I used a log2(TPM counts + 1) matrix as my input but... as you can see in the following screenshot, the corrected counts that I get have negative values. Since it doesn't make sense to have genes with a negative expression, is there any way to solve this? I don't know if the output is log2(tpm) and I just have to do +1 or unlog the corrected data... In any case, I cannot remove the genes with negative values, I would like to keep all of them if it is possible.
Does anybody know how to solve this?
Thanks very much in advance
Code:
set.seed(11344)
covariates_df <- data.frame(
Sample = paste0("A", seq(1,960)),
Age = sample(seq(18, 70), size = 960, replace = TRUE),
Group = sample(seq(1, 3), size = 960, replace = TRUE),
Sex = sample(seq(1, 2), size = 960, replace = TRUE),
WBC = sample(seq(0.5, 35, by=0.3), size = 960, replace = TRUE),
Place = sample(seq(1, 2), size = 960, replace = TRUE),
Tubes = sample(seq(1, 2), size = 960, replace = TRUE),
LibPrep = sample(seq(1, 16), size = 960, replace = TRUE)
)
rownames(covariates_df) <- covariates_df$Sample
categorical_variables <- c("Sample", "Group", "Sex", "Place", "Tubes", "LibPrep")
covariates_df[,categorical_variables] <- lapply(covariates_df[,categorical_variables],as.factor)
str(covariates_df)
'data.frame': 960 obs. of 8 variables:
$ Sample : Factor w/ 960 levels "A1","A10","A100",..: 1 112 223 334 445 556 667 778 889 2 ...
$ Age : int 40 66 37 40 25 42 46 51 45 61 ...
$ Group : Factor w/ 3 levels "1","2","3": 2 2 2 3 2 2 3 3 3 3 ...
$ Sex : Factor w/ 2 levels "1","2": 1 2 2 1 1 2 1 1 2 1 ...
$ WBC : num 12.8 29.9 25.7 0.8 30.8 5.9 30.5 19.1 2.9 12.2 ...
$ Place : Factor w/ 2 levels "1","2": 1 1 2 1 2 1 2 2 1 2 ...
$ Tubes : Factor w/ 2 levels "1","2": 1 1 2 1 2 2 2 2 1 2 ...
$ LibPrep: Factor w/ 16 levels "1","2","3","4",..: 14 1 13 4 10 5 1 8 7 5 ...
dim(log2TPM_1_counts_mat)
[1] 60000 960
str(log2TPM_1_counts_mat)
num [1:60000, 1:960] 0.51 0 2.76 2.64 2.26 ...
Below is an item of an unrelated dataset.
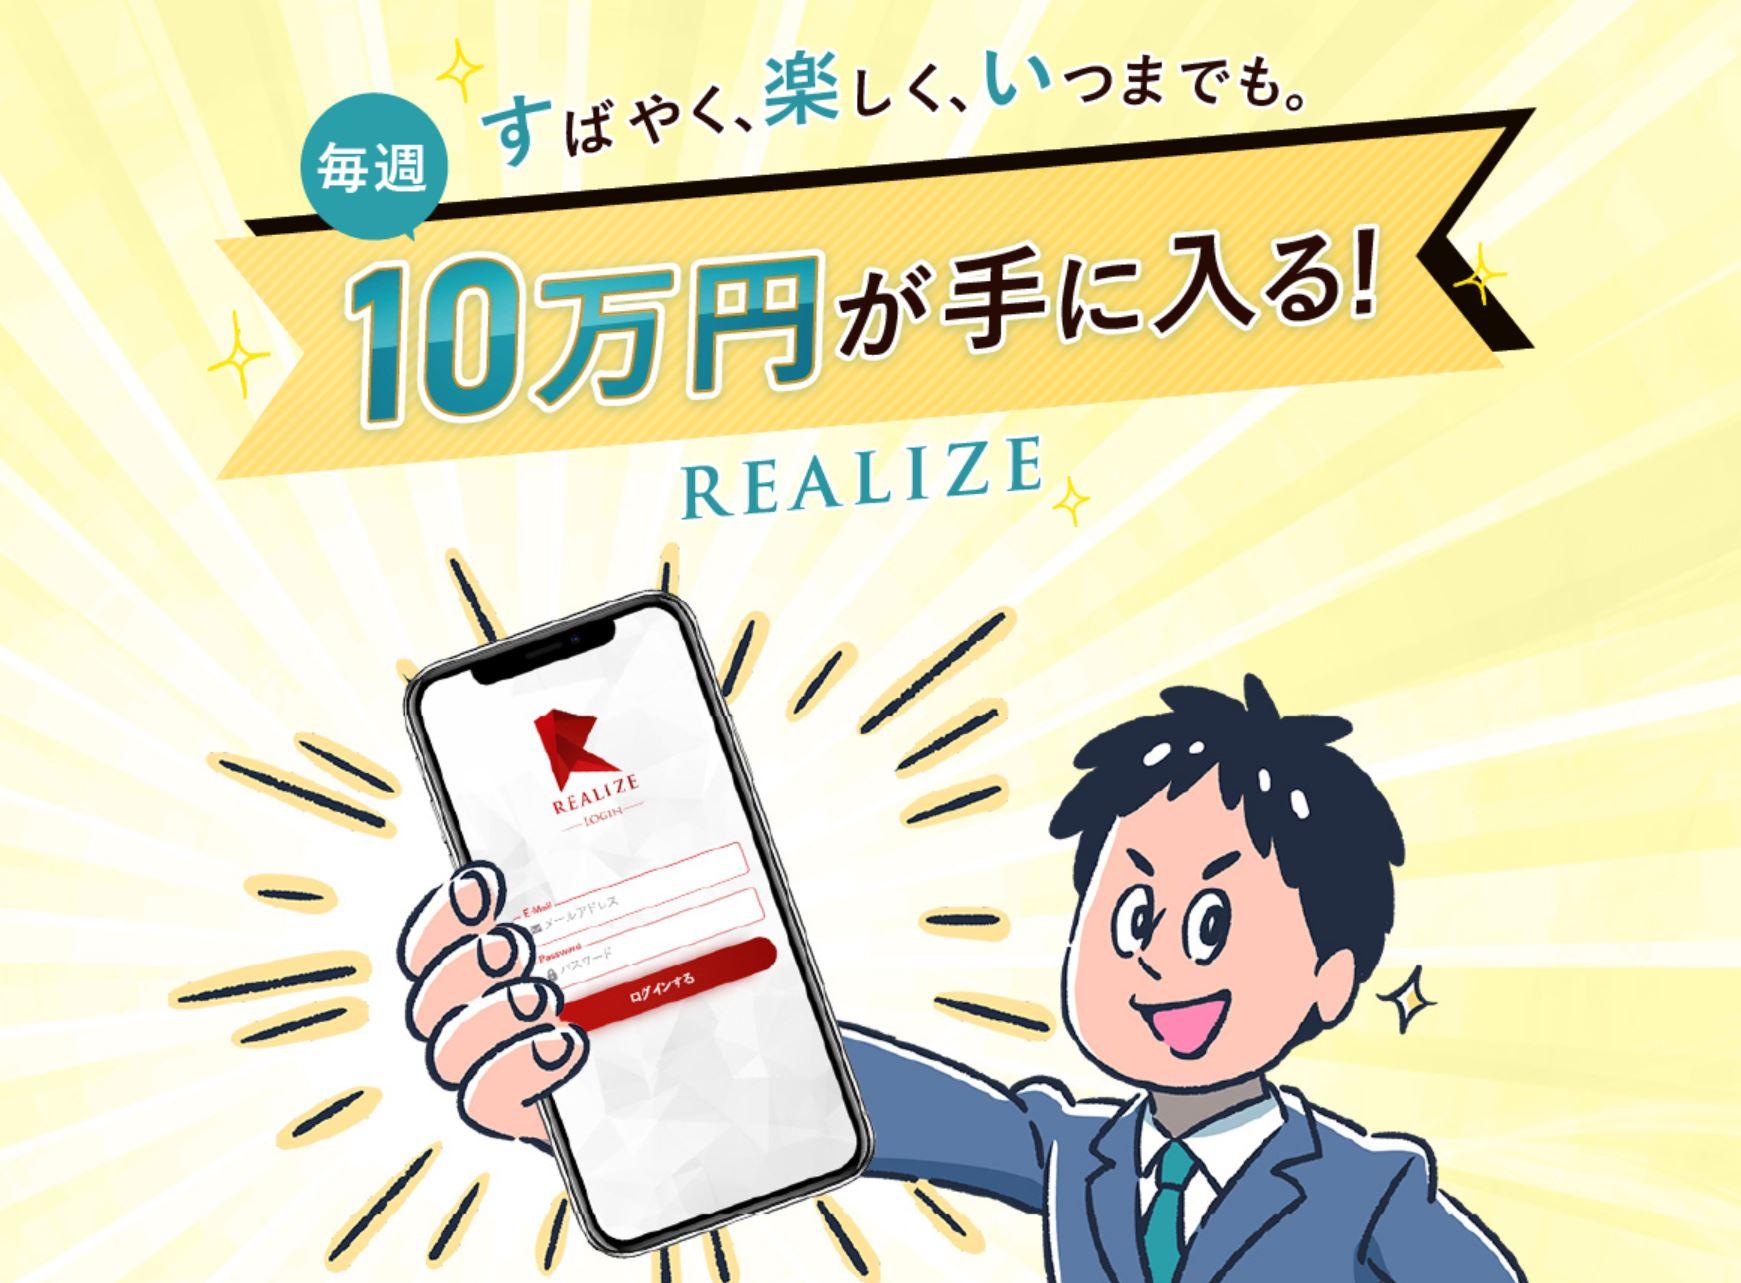 デモサイトに惑わされないで REALIZE 毎週10万円は本当に稼げるか?
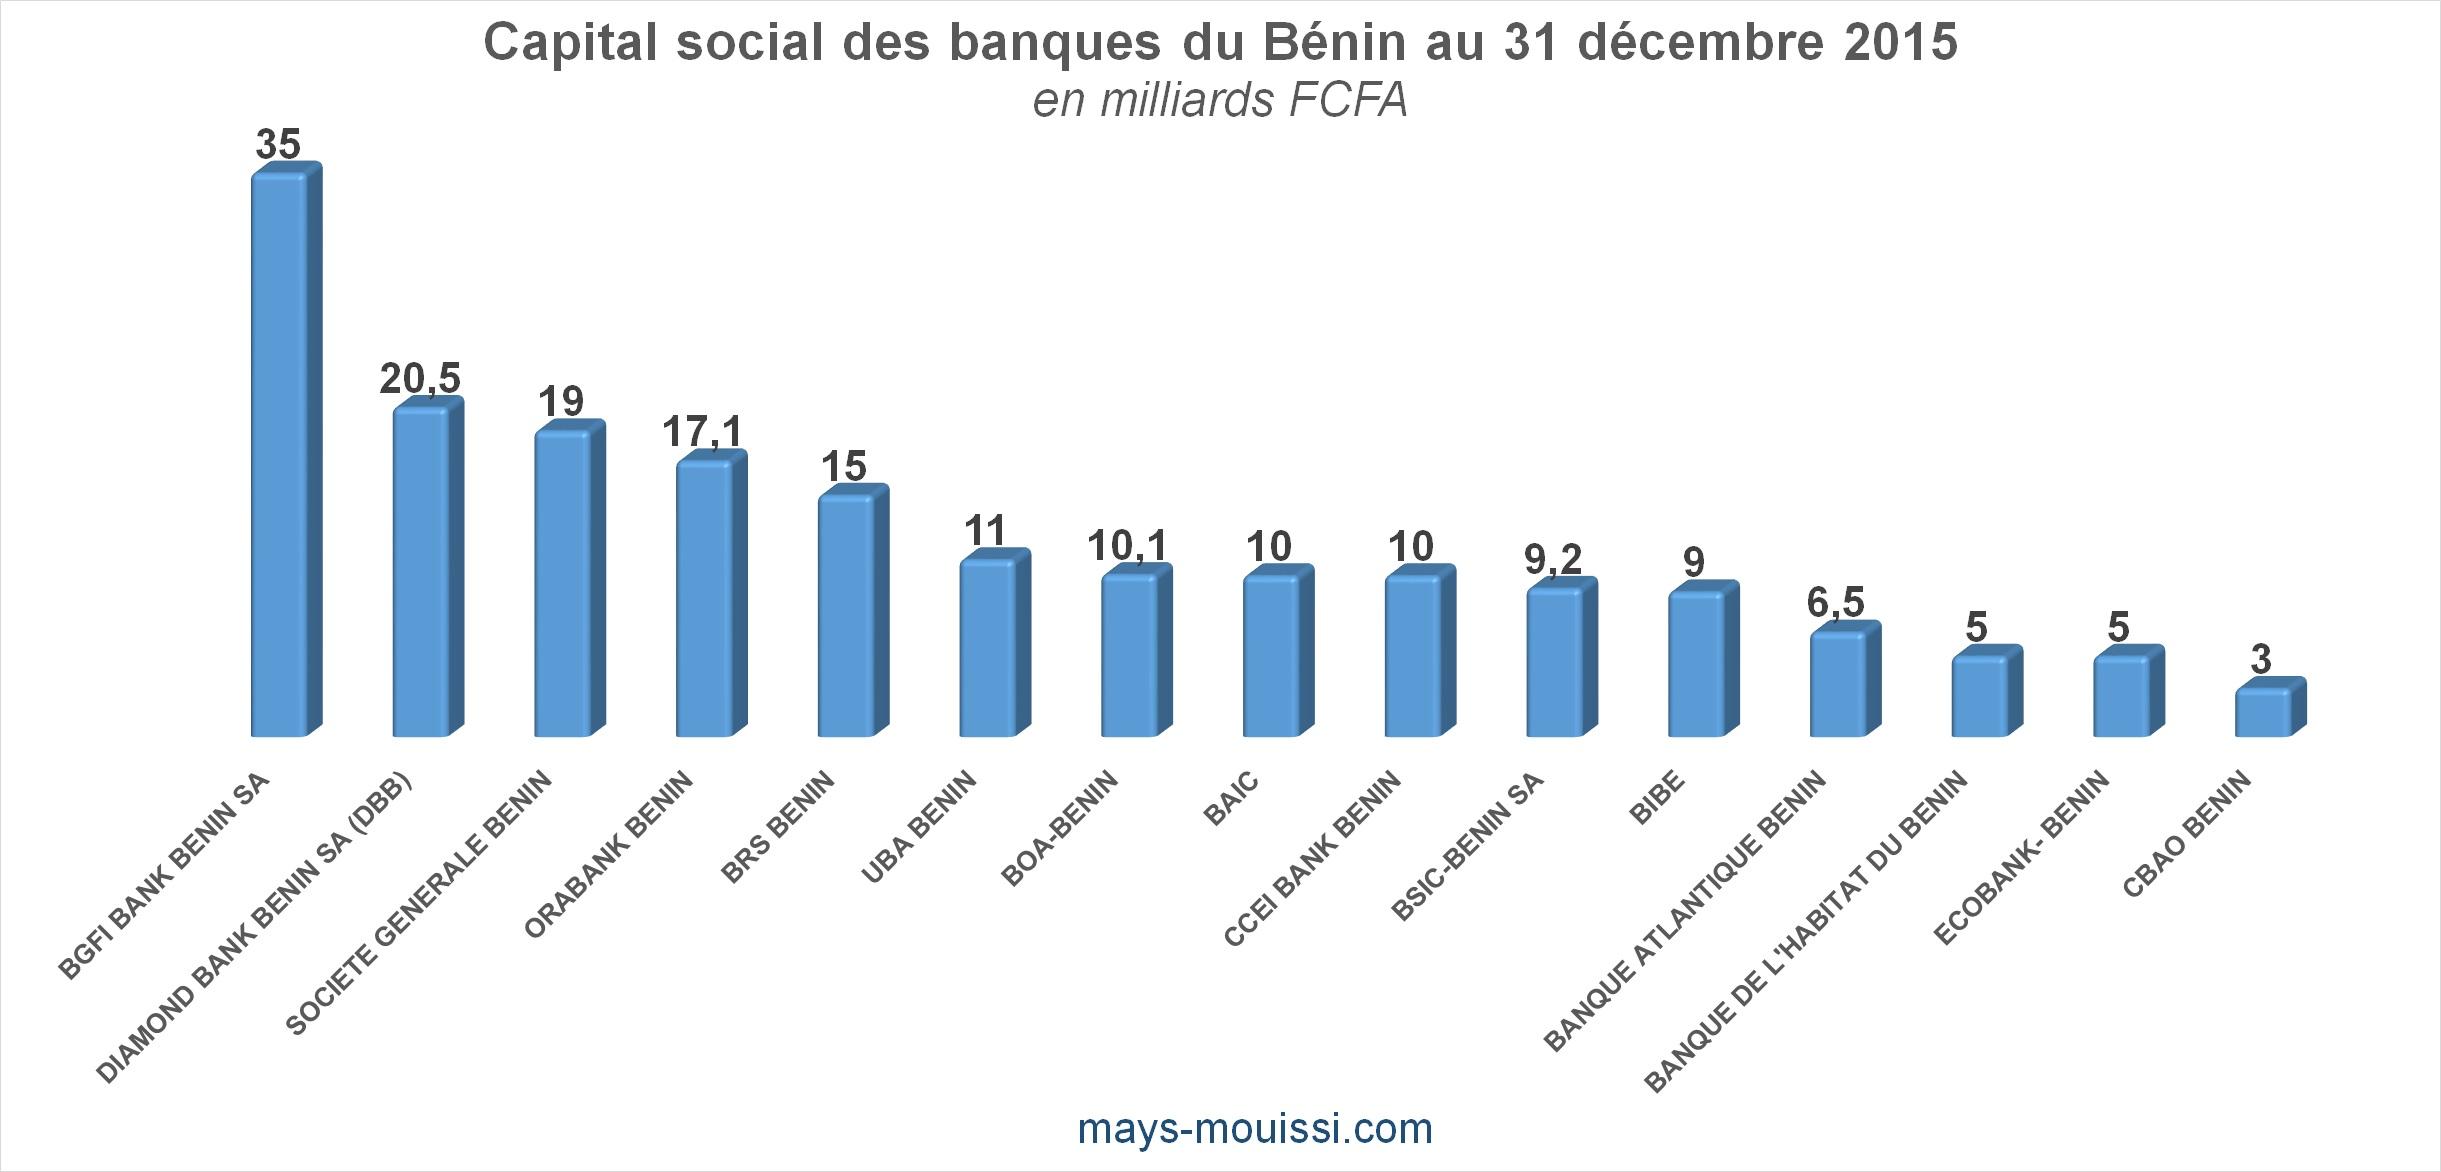 Les banques du Bénin, leur capital et leurs actionnaires

- attr(*, "dimnames")=List of 2
..$ : chr [1:60000] "ENSG00000000003" "ENSG00000000005" "ENSG00000000419" "ENSG00000000457" ...
..$ : chr [1:960] "A1" "A2" "A3" "A4" ...
### I wanted to upload the counts data but it is too huge and I didn't manage. I tried to create a small counts data, but I wasn't getting any negative values as I get in reality in order to show you my problem.
Design of the model:
design <- model.matrix(~Age + Group + Sex + WBC + Place + Tubes + LibPrep, data=covariates_df)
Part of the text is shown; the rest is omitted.